** Exercise **
Transcribe exactly the line that contains "Dimensions: W 10.5 x D 14 x H 38 cm" and each line that comes after it in the material, the last line included, and nothing more.

** Data records **
____

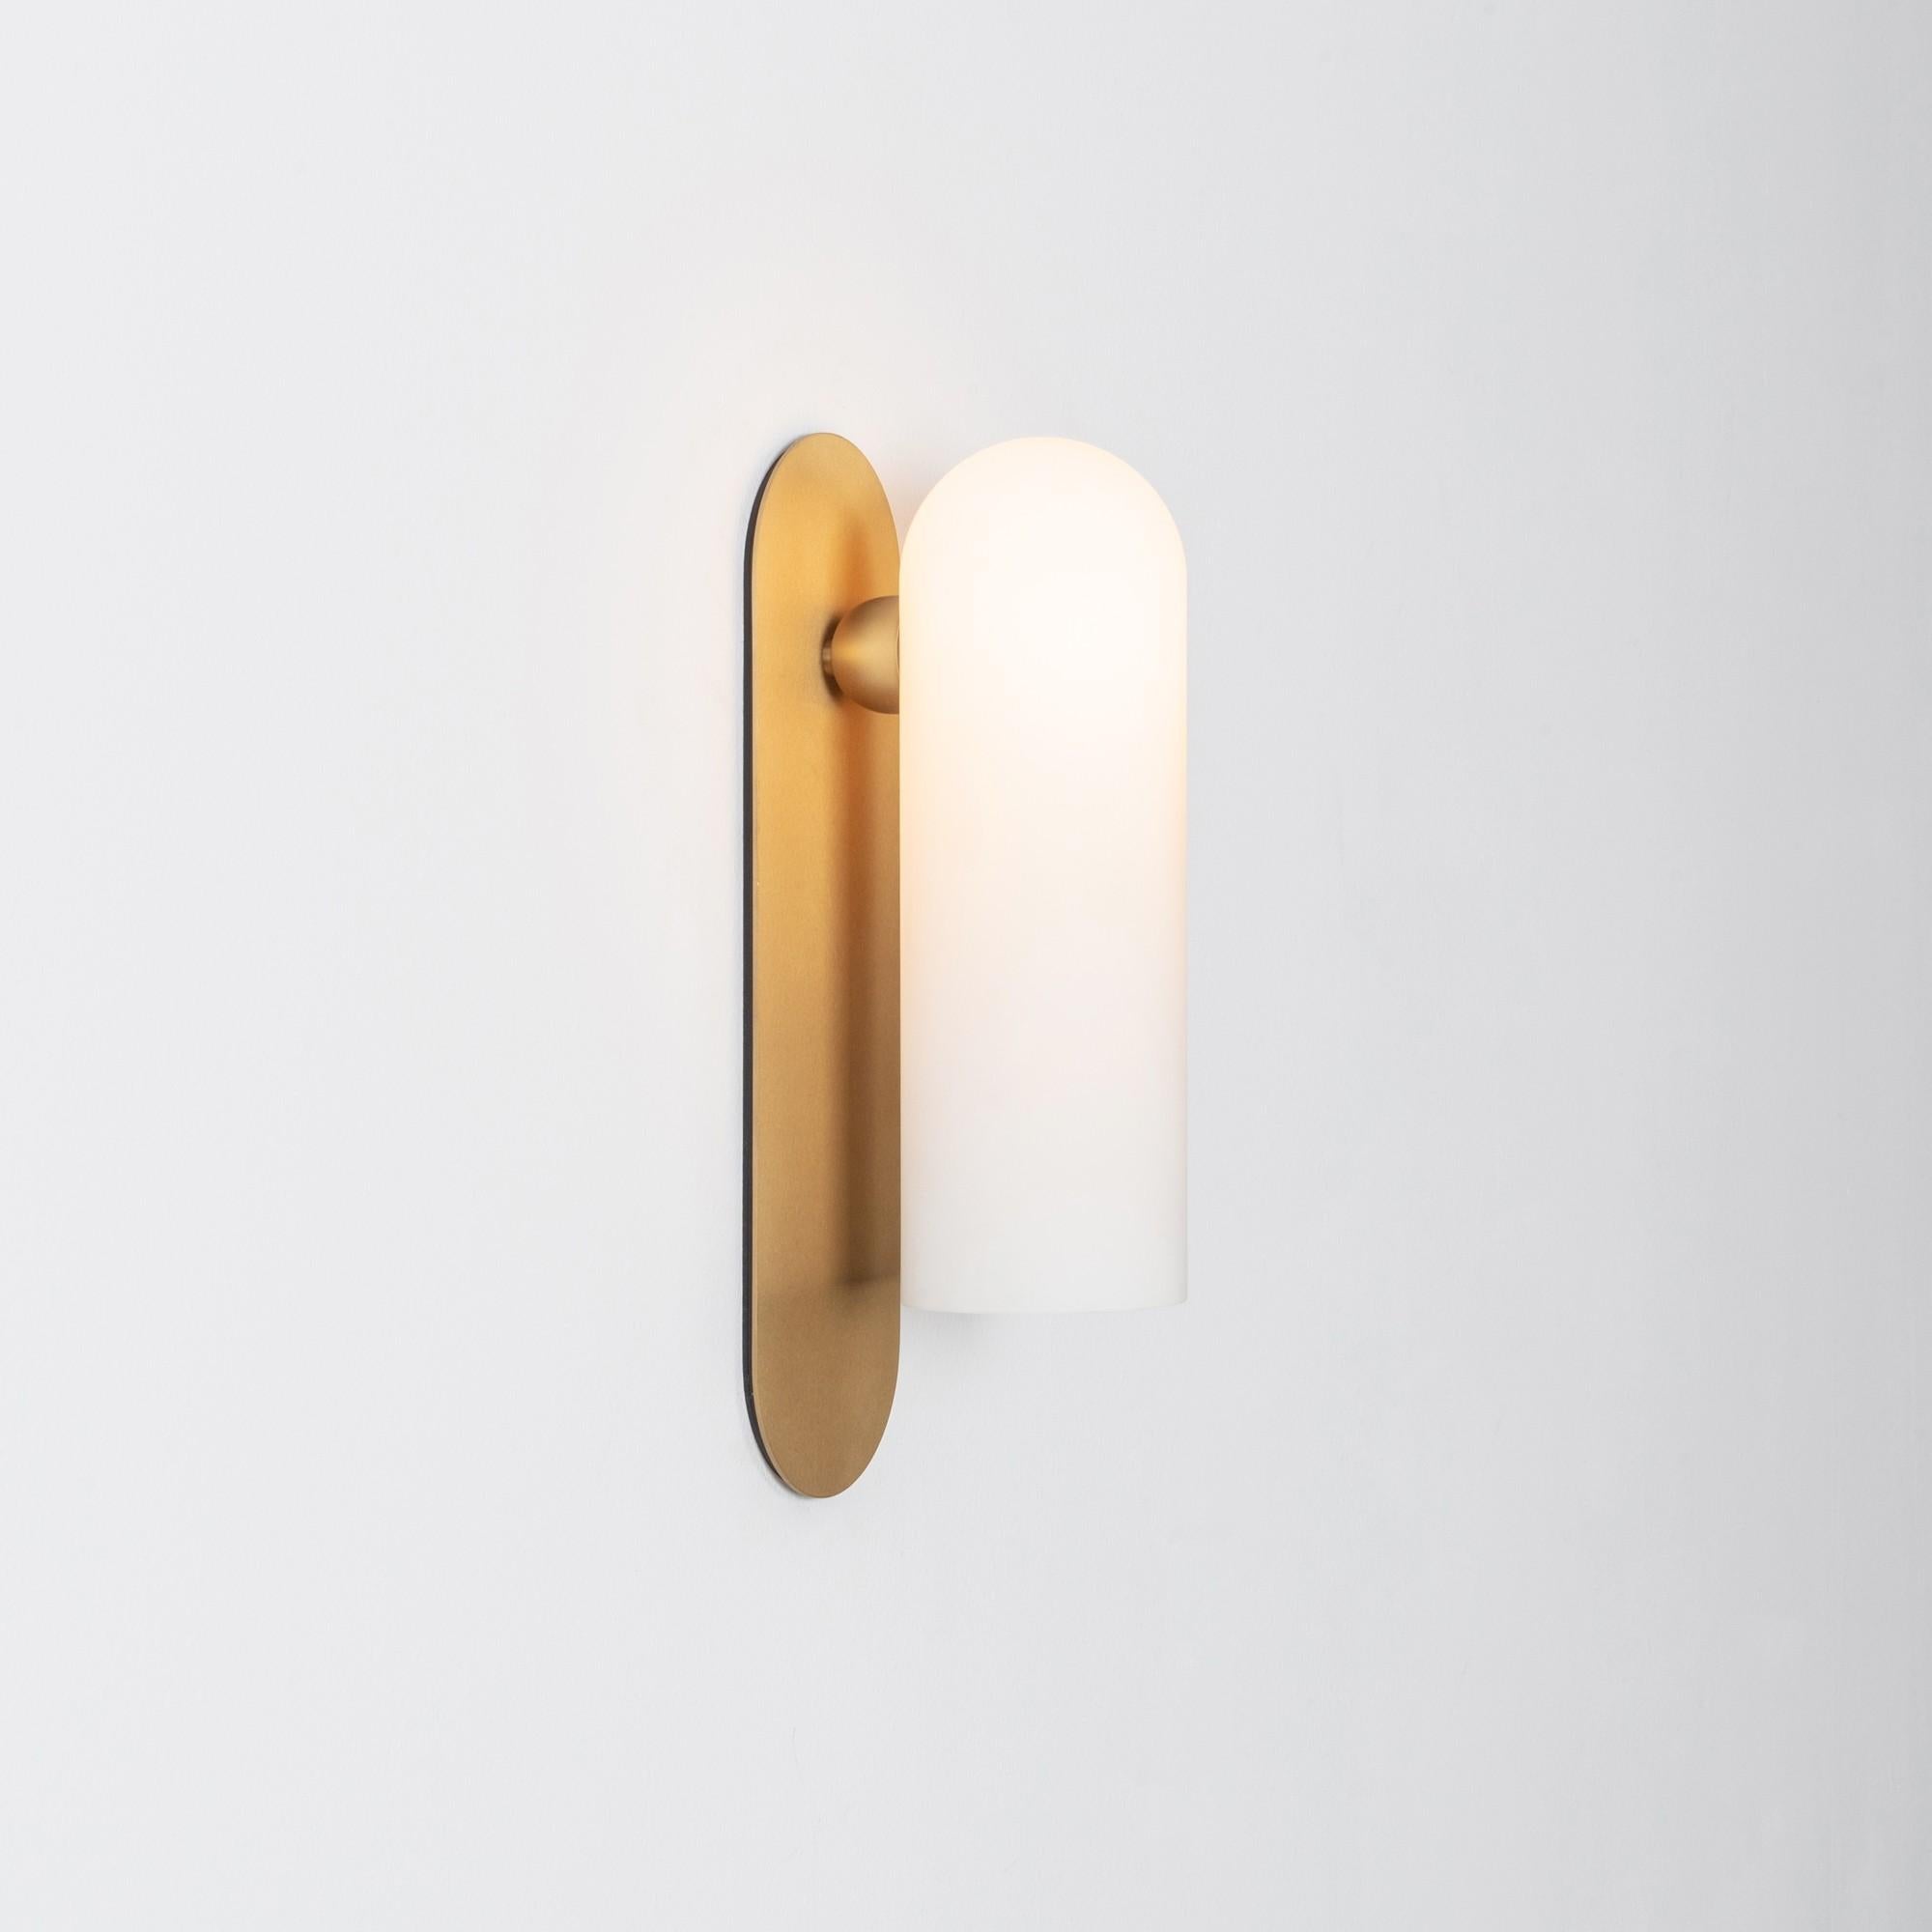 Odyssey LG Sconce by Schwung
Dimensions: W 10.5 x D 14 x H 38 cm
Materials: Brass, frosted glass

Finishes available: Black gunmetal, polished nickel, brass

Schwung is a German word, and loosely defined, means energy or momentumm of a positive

____

** Result for this task **
Dimensions: W 10.5 x D 14 x H 38 cm
Materials: Brass, frosted glass

Finishes available: Black gunmetal, polished nickel, brass

Schwung is a German word, and loosely defined, means energy or momentumm of a positive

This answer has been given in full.